Phase 1 Clinical Trial of Elamipretide in Dry Age-Related Macular Degeneration and Noncentral Geographic Atrophy: ReCLAIM NCGA Study

Abstract Purpose To assess safety, tolerability, and feasibility of subcutaneous administration of mitochondrial targeted drug elamipretide in patients with dry age-related macular degeneration (AMD) and noncentral geographic atrophy (NCGA) and to perform exploratory analyses of change in visual function. Design Phase 1, single-center, open-label, 24-week clinical trial with preplanned NCGA cohort. Participants Adult patients, age ≥ 55 years, with dry AMD and NCGA. Methods Participants received subcutaneous elamipretide 40 mg daily, with safety and tolerability assessed throughout the study. Ocular assessments included normal luminance best-corrected visual acuity (BCVA), low-luminance best-corrected visual acuity (LLVA), normal luminance binocular reading acuity (NLRA), low luminance binocular reading acuity (LLRA), spectral-domain optical coherence tomography (OCT), fundus autofluorescence (FAF), and patient self-reported function by low luminance questionnaire (LLQ). Main Outcome Measures The primary endpoint was safety and tolerability. Prespecified exploratory endpoints included changes in BCVA, LLVA, NLRA, LLRA, GA area, and LLQ. Results Subcutaneous administration of elamipretide was highly feasible. All participants (n=19) experienced ≥ 1 non-ocular adverse events (AEs), but all AEs were either mild (73.7%) or moderate (26.3%); no serious AEs were noted. Two participants exited the study due to AEs (conversion to neovascular AMD (n=1); intolerable injection site reaction (n=1)), one participant discontinued due to self-perceived lack of efficacy, and one participant chose not to continue with study visits. Among participants completing the study (n=15), mean change (standard deviation (SD)) in BCVA from baseline to week 24 was +4.6 (5.1) letters (P=0.0032), while mean change (SD) in LLVA was +5.4 (7.9) letters (P=0.0245). While there was minimal change in NLRA, mean change (SD) in LLVA was -0.52 (0.75) logMAR units (P=0.005).

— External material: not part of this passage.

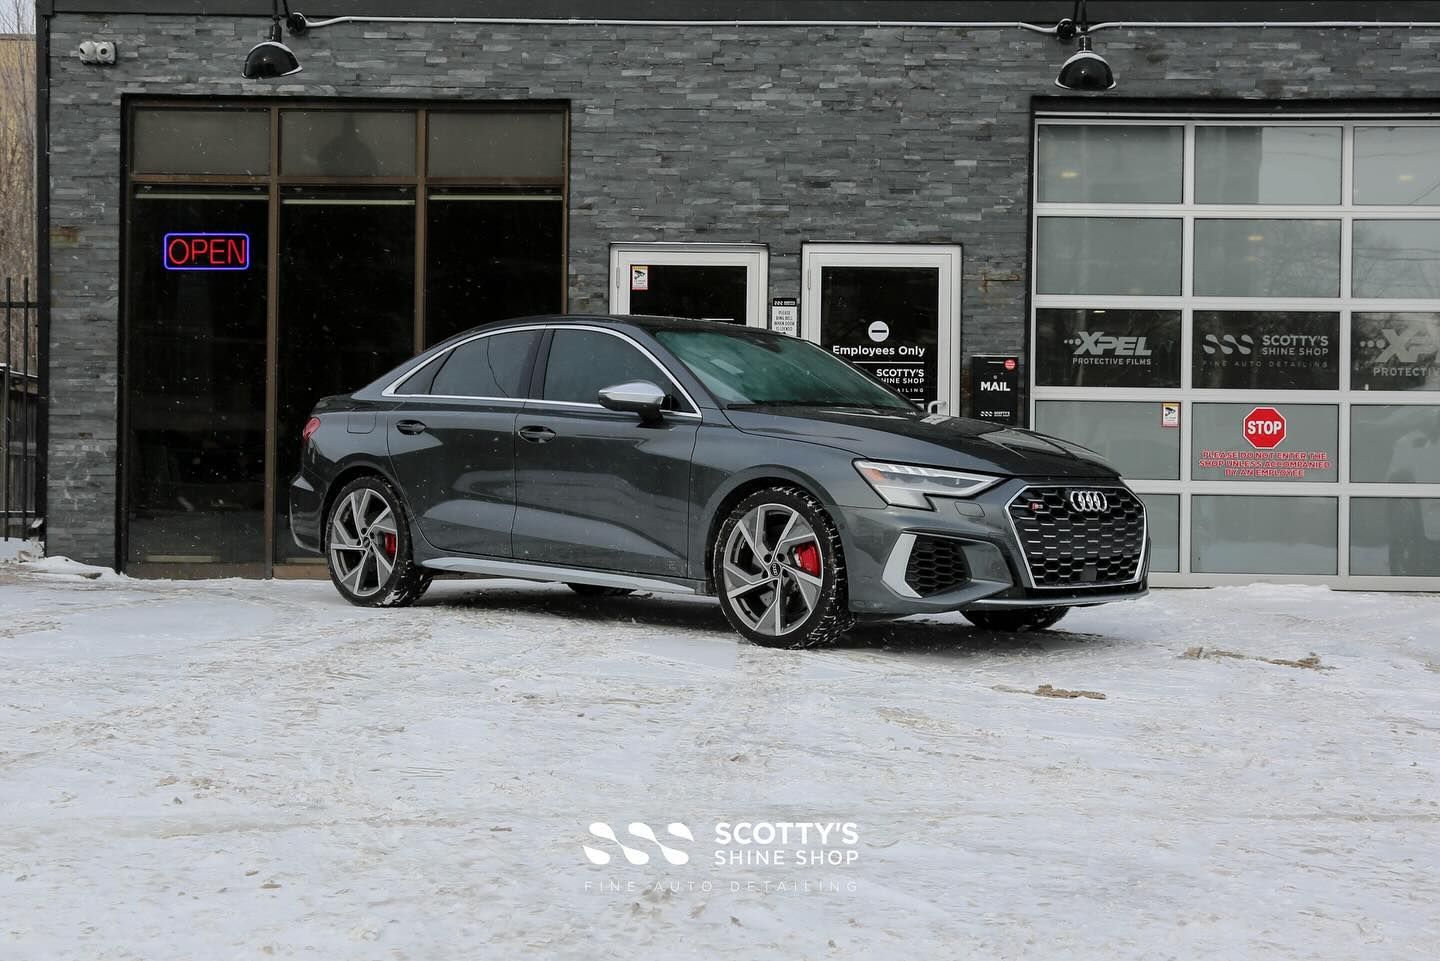 2022 Audi S3 Xpel Prime CS Window Tint London, Canada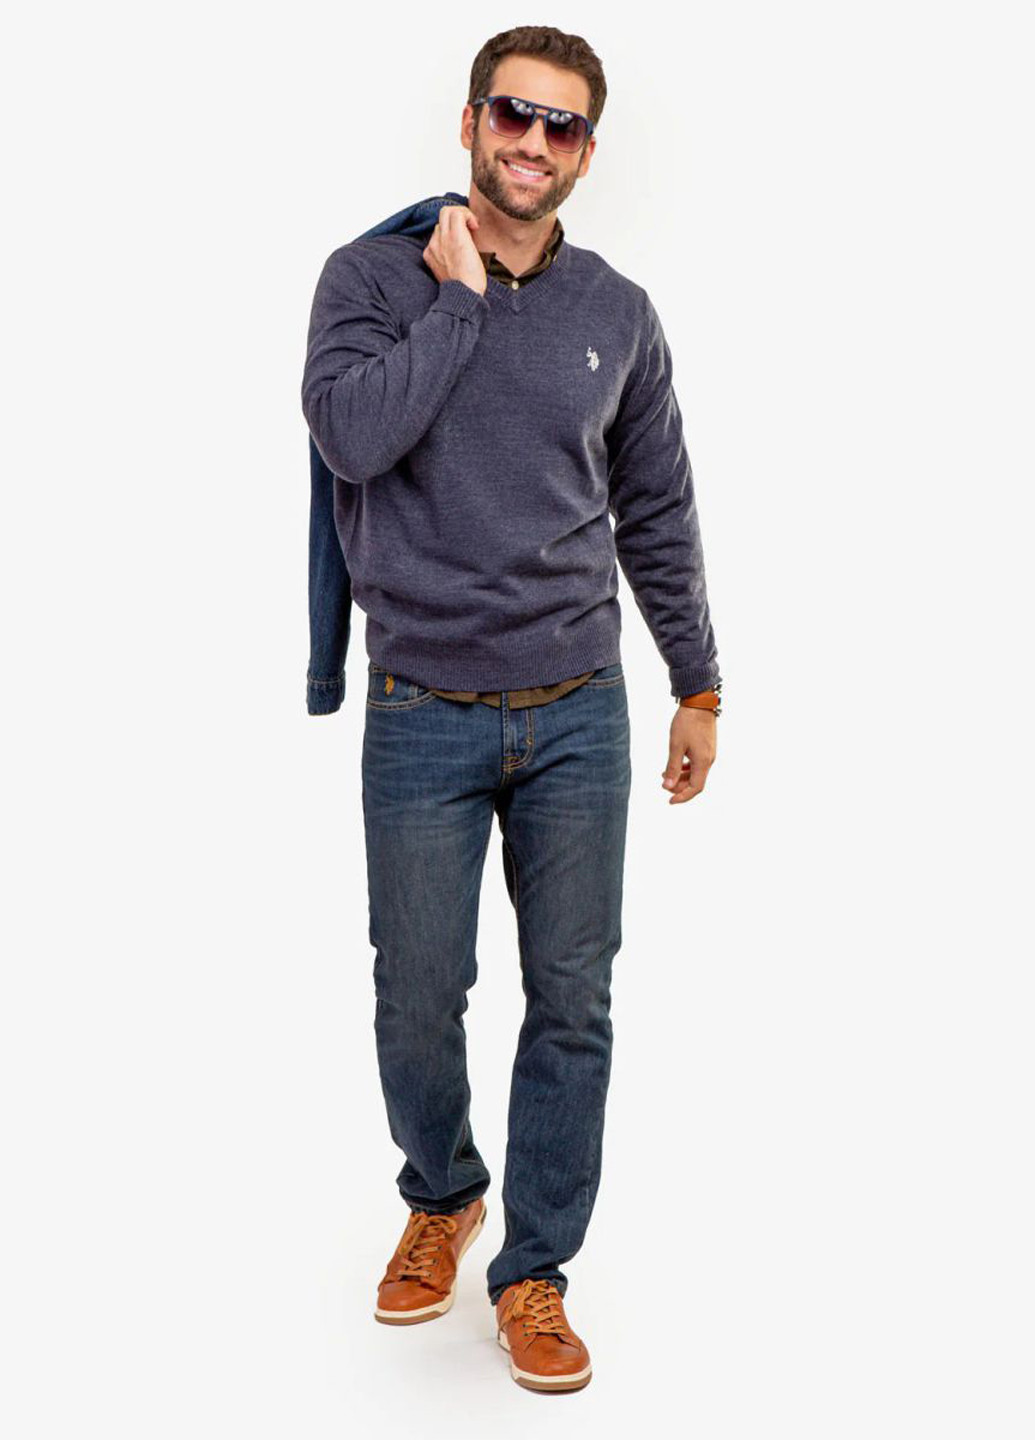 Темно-синий демисезонный пуловер пуловер U.S. Polo Assn.

Mean change (SD) in GA area (SQRT) from baseline to week 24 was 0.14 (0.08) mm by FAF and 0.13 (0.14) mm by OCT. Improvement was observed in LLQ for dim light reading and general dim light vision. Conclusions Elamipretide appears to be well tolerated without serious AEs in patients with dry AMD and NCGA. Exploratory analyses demonstrate possible positive effect on visual function, particularly under low luminance. A Phase 2b trial is underway to further evaluate elamipretide in dry AMD and NCGA.